[Raw data]
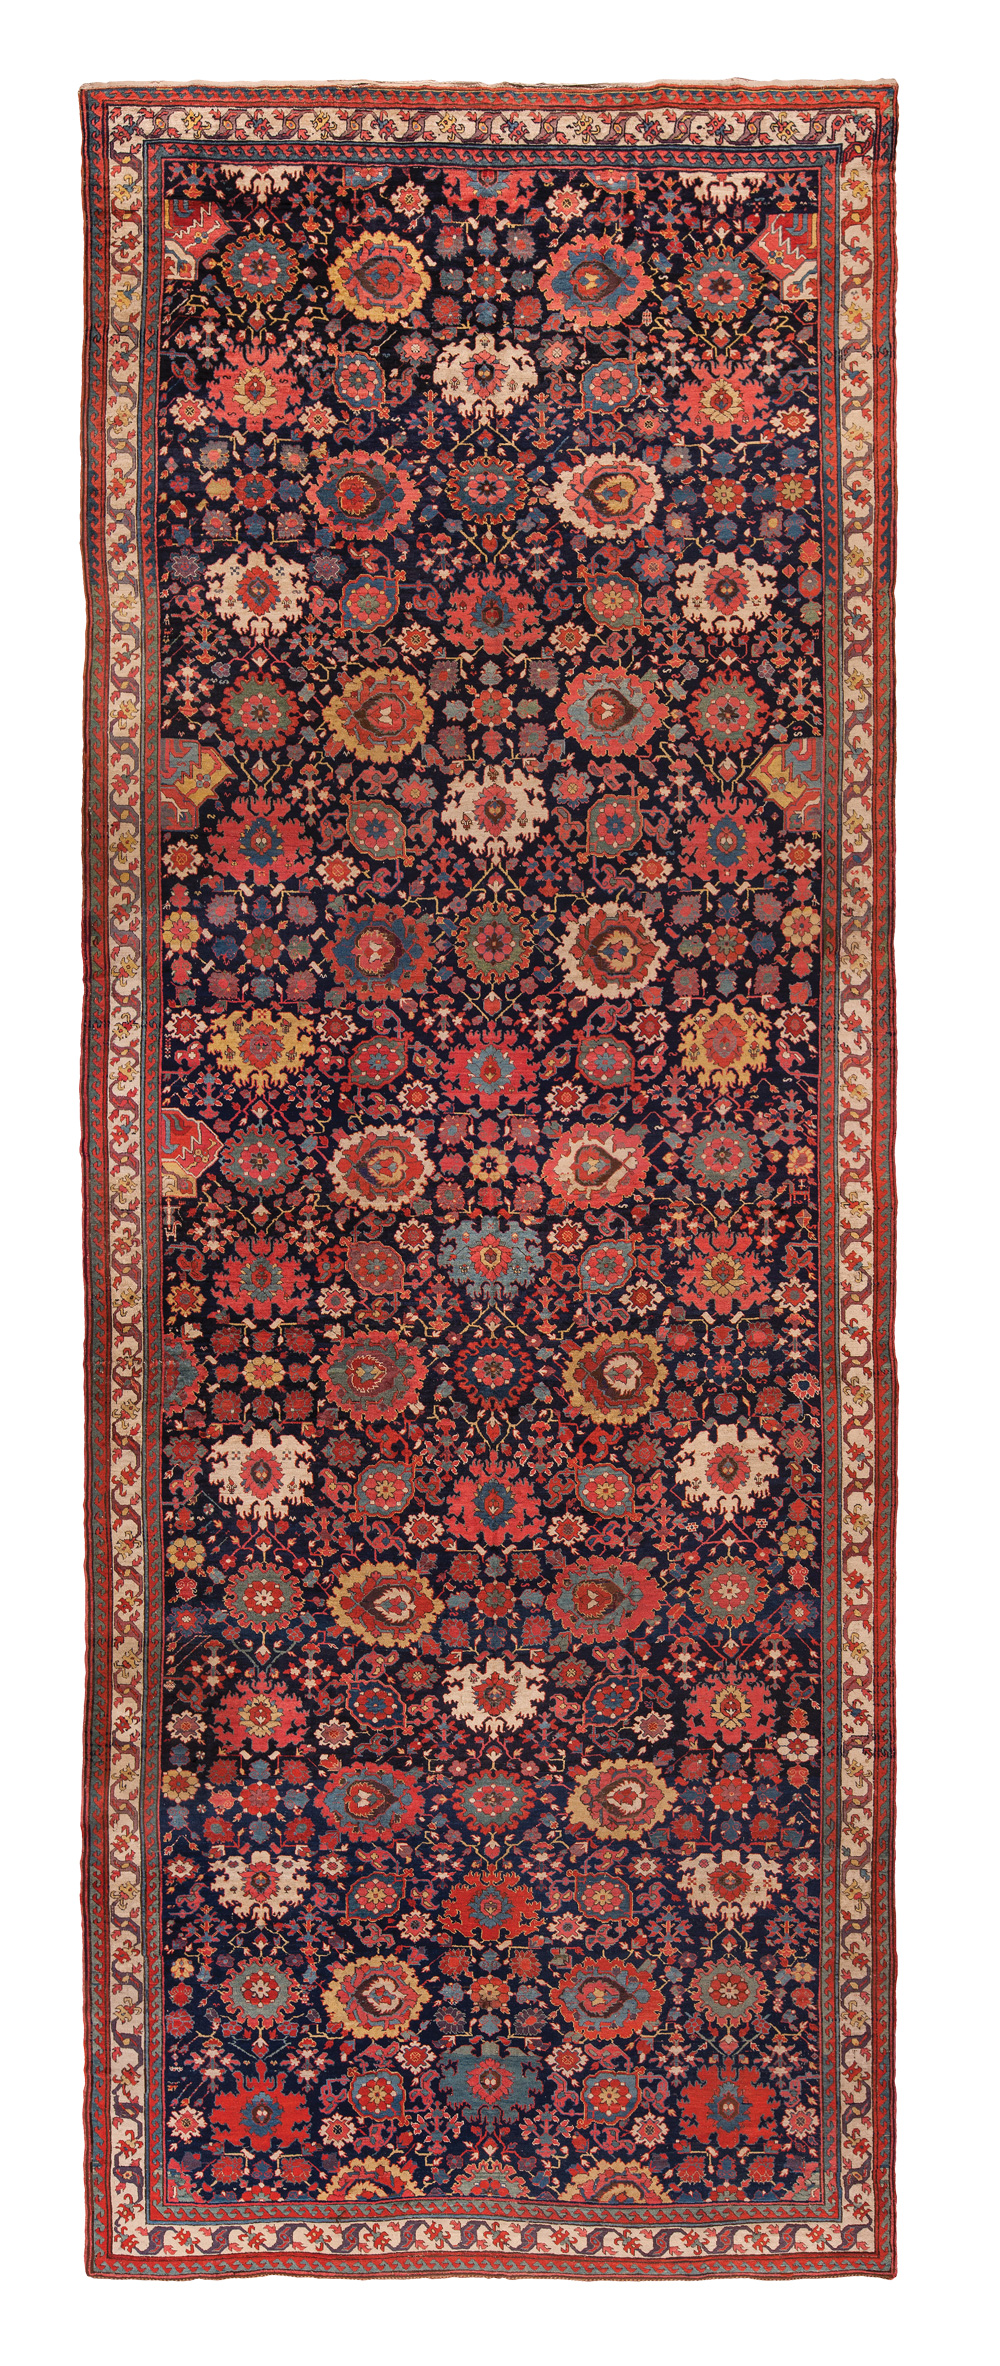 North-west Persian harshang carpet, 18th century. 2.77 x 7.09 m (9' 1" x 23' 3")
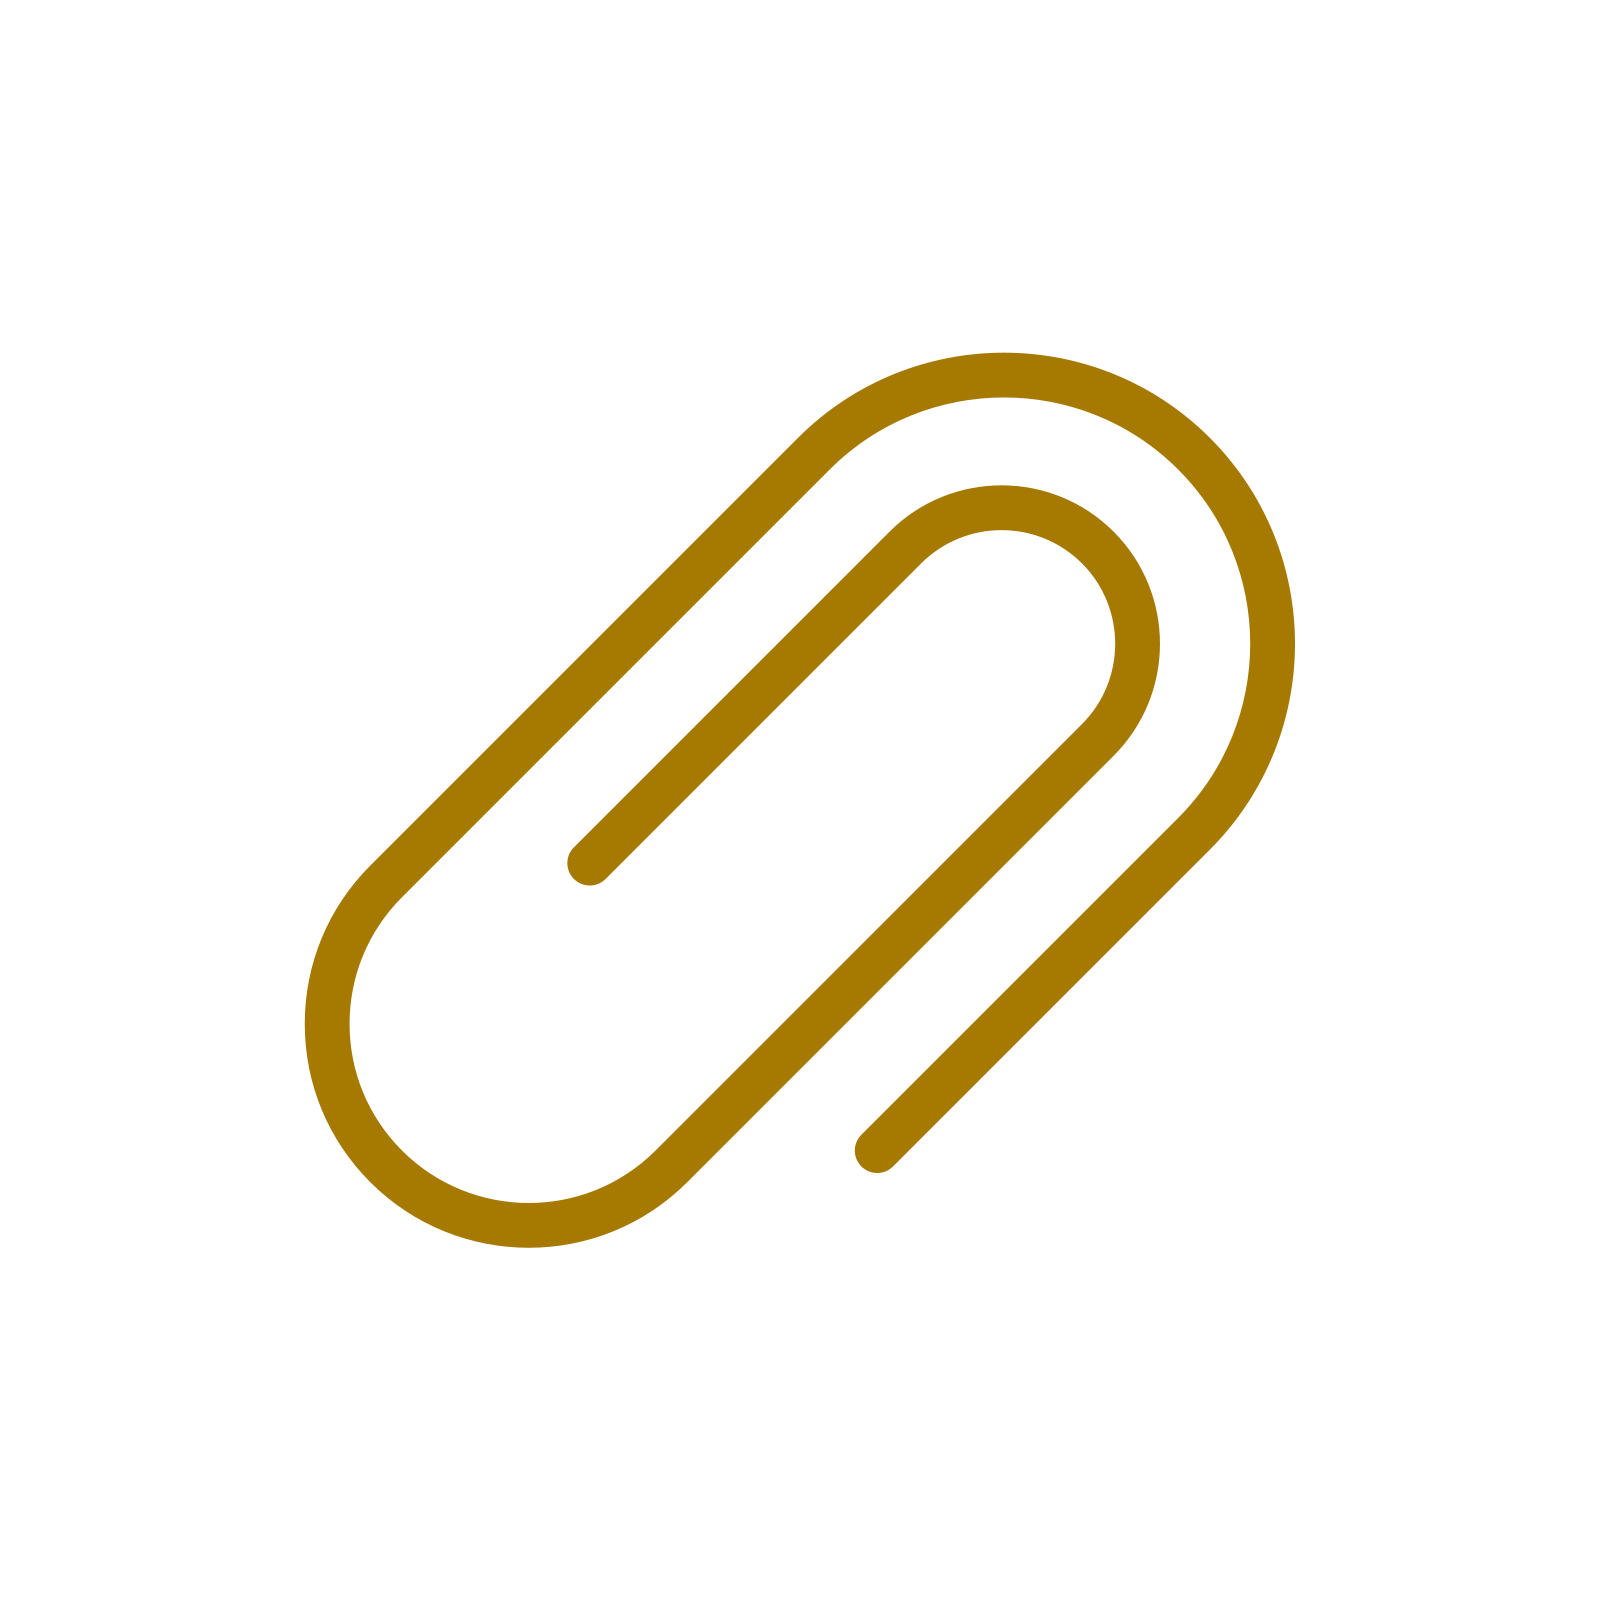 Paperclip icon
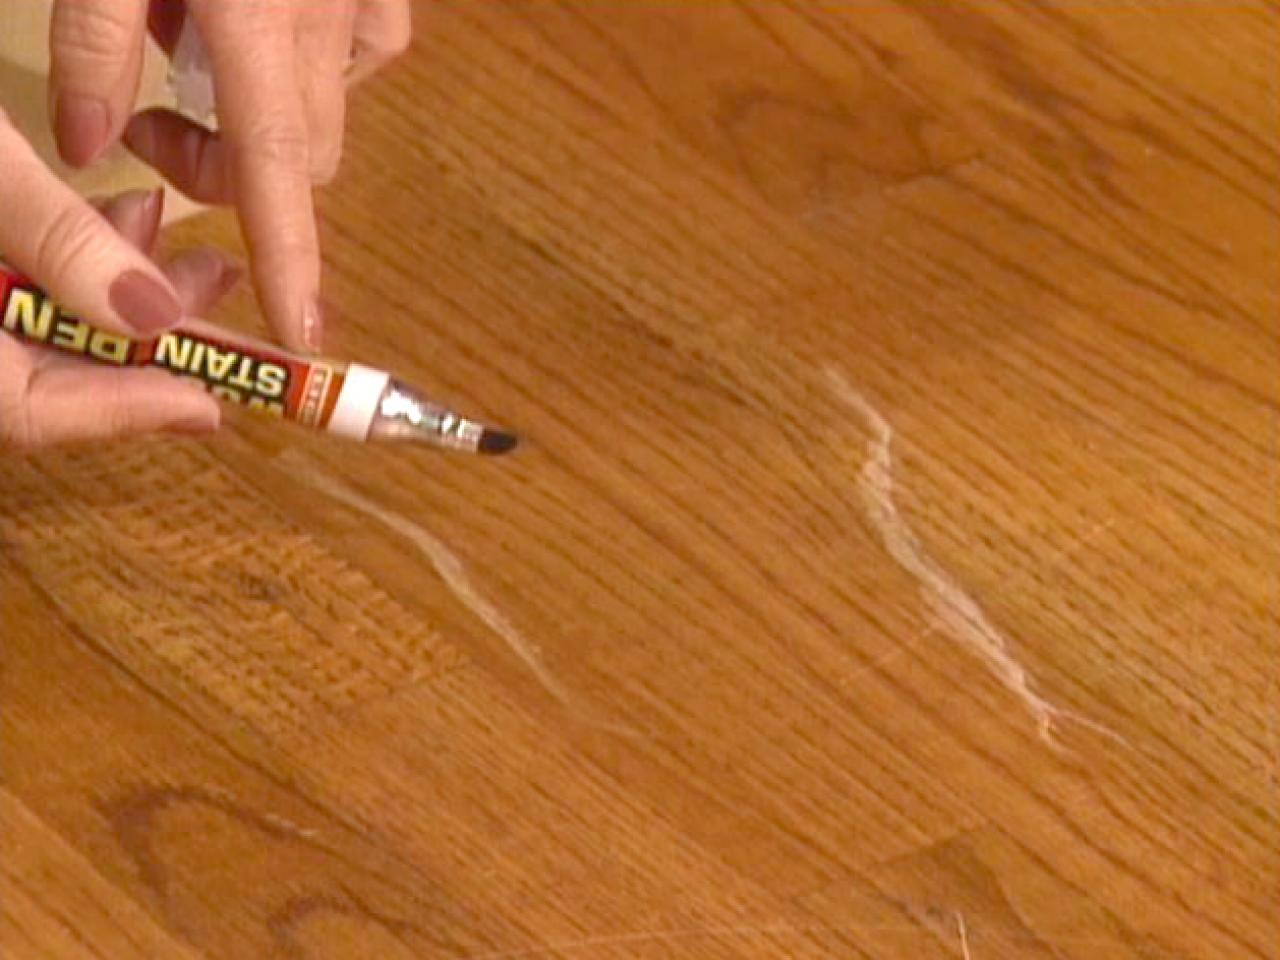 How To Touch Up Wood Floors Tos Diy, How To Get Scuffs Out Of Vinyl Flooring

[What to do]
A faithful copy is needed: reproduce all of the data above, leaving the pictures out.

[Solution below]
 North-west Persian harshang carpet, 18th century. 2.77 x 7.09 m (9' 1" x 23' 3")
 Paperclip icon
 How To Touch Up Wood Floors Tos Diy, How To Get Scuffs Out Of Vinyl Flooring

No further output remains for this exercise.